#### Information given
= Beginning of Section =
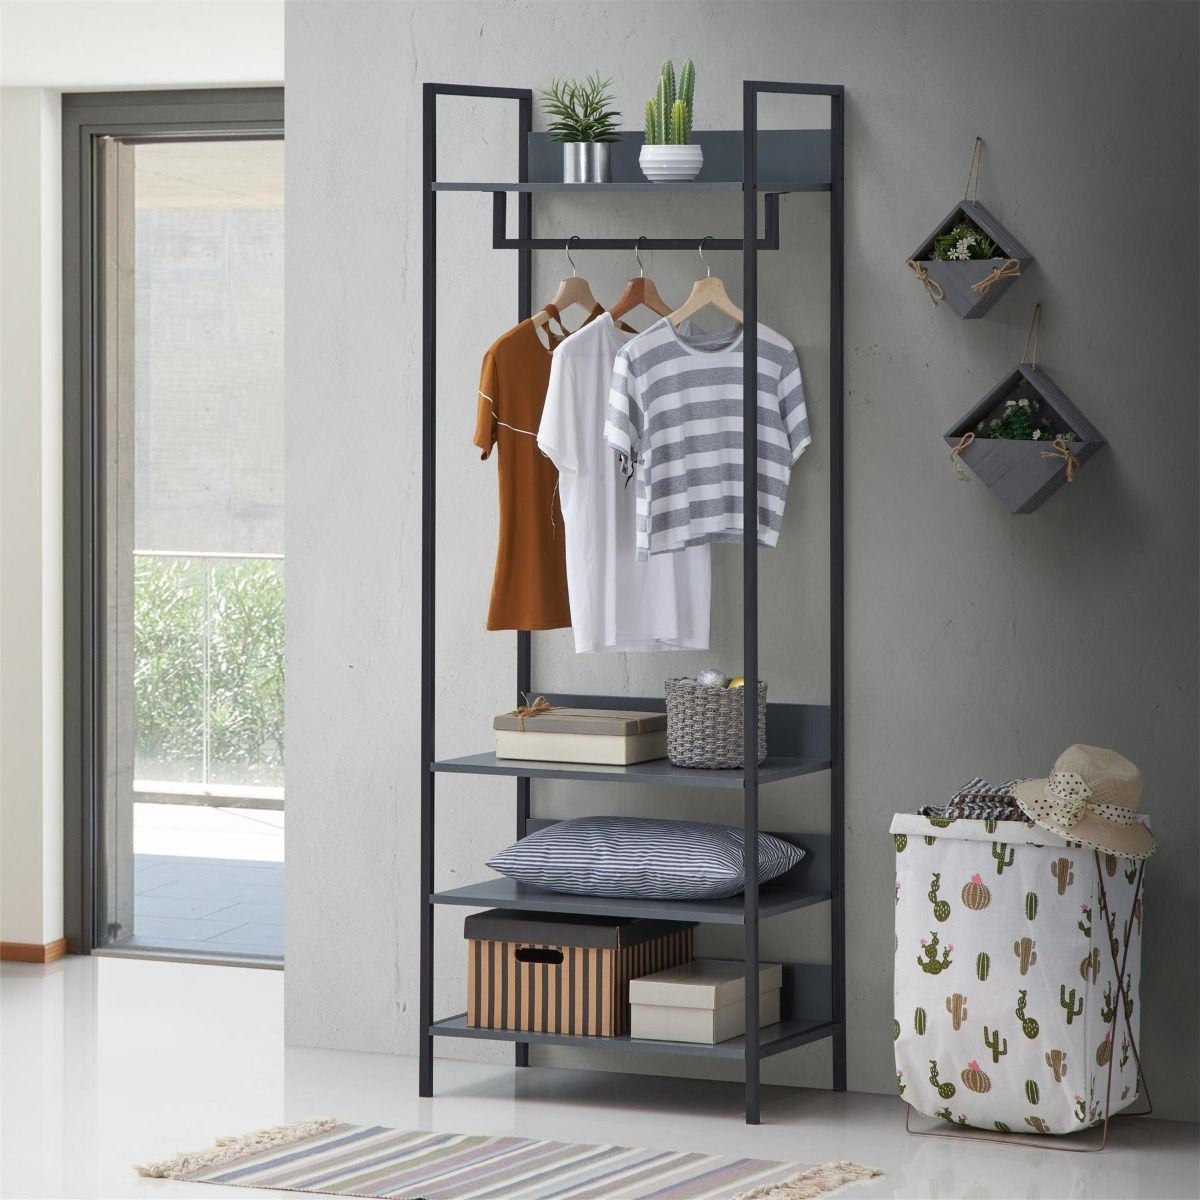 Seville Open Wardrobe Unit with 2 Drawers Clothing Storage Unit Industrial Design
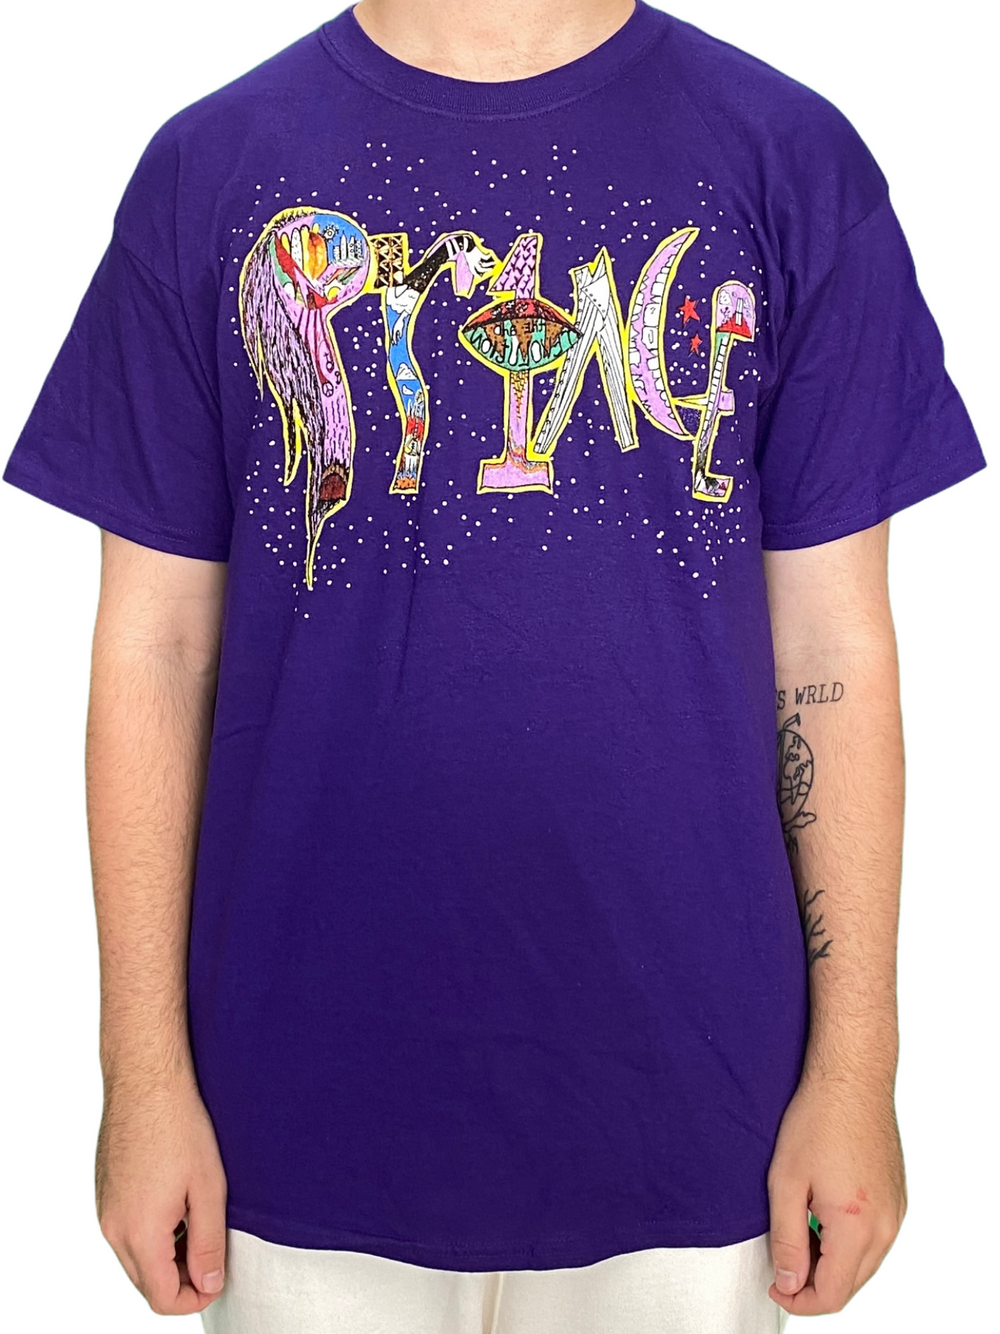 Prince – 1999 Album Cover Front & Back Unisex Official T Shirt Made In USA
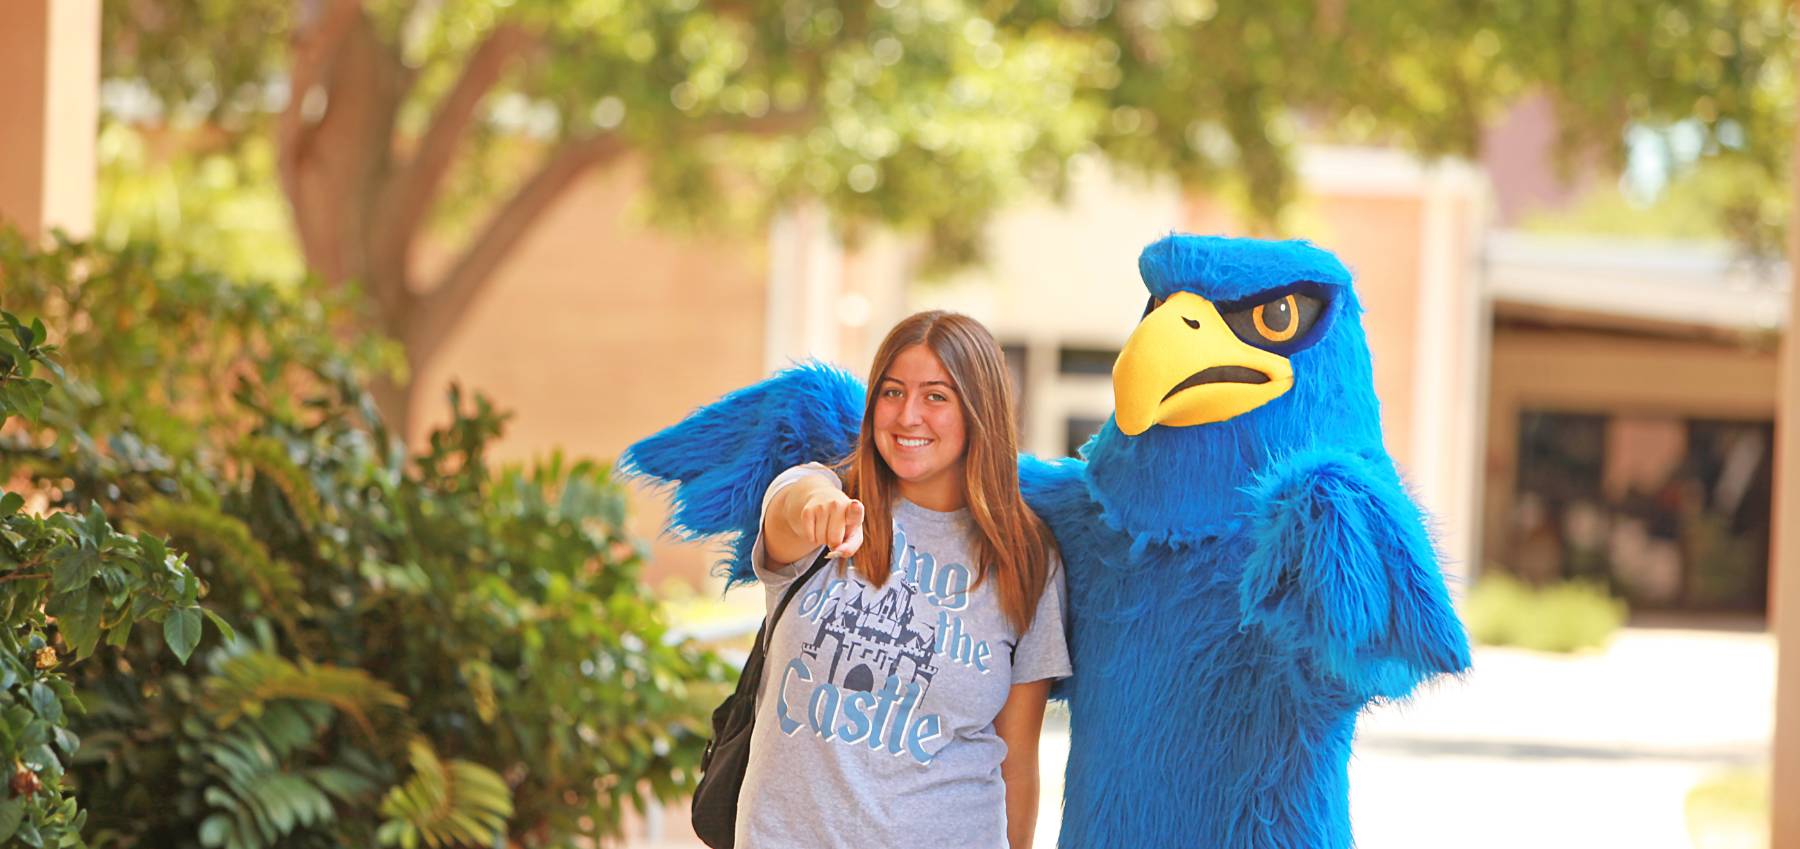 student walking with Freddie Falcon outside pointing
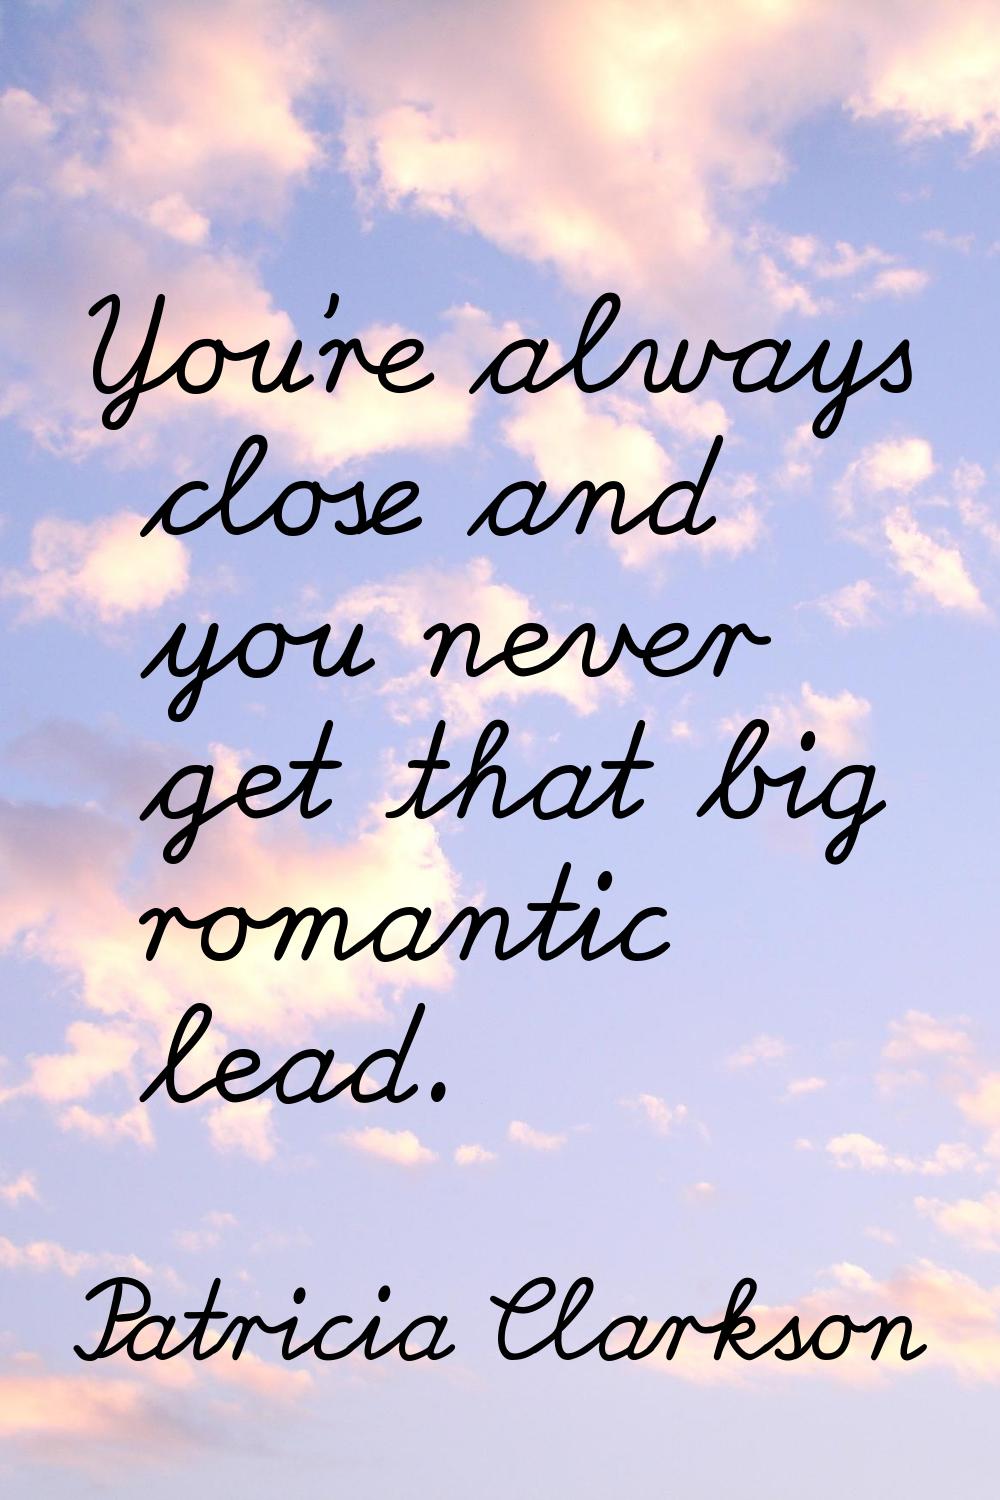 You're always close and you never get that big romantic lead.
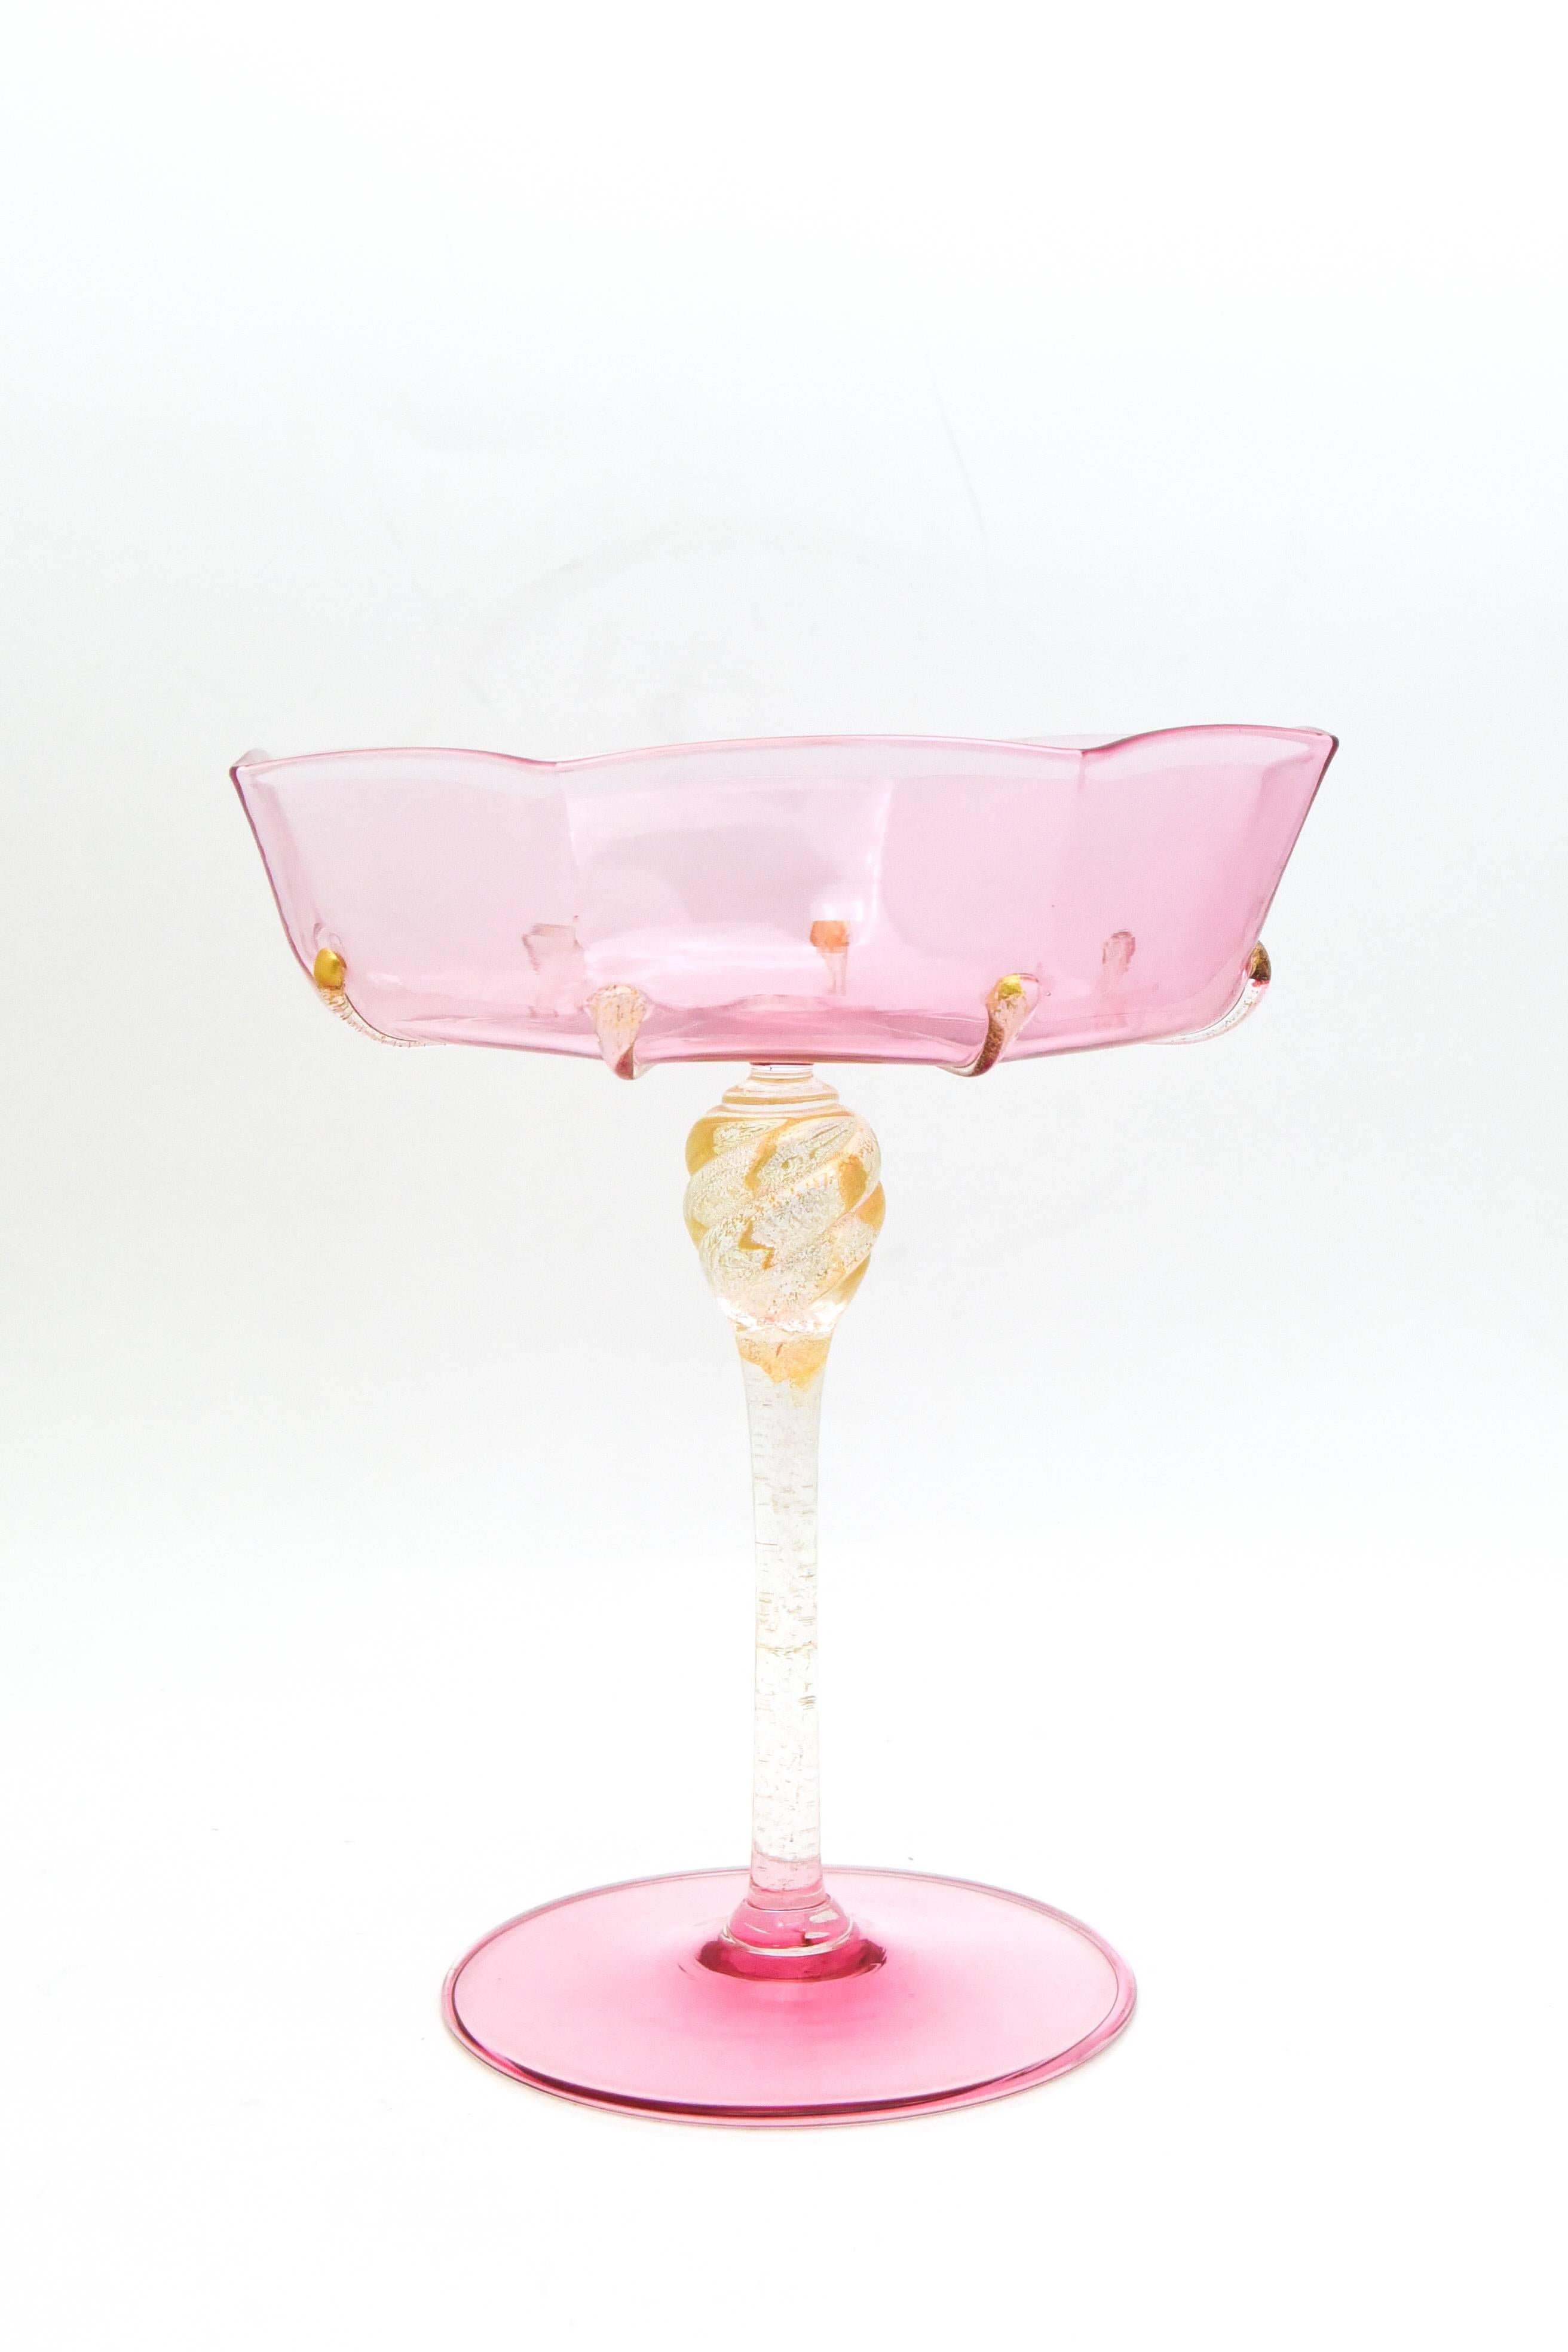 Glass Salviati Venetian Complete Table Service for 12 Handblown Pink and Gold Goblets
= End of Section =
Omit the pictures. Transcribe word for word the lines from the one containing "You're always close" through the end of the listing, inclusive.

 You're always close and you never get that big romantic lead.
 Glass Salviati Venetian Complete Table Service for 12 Handblown Pink and Gold Goblets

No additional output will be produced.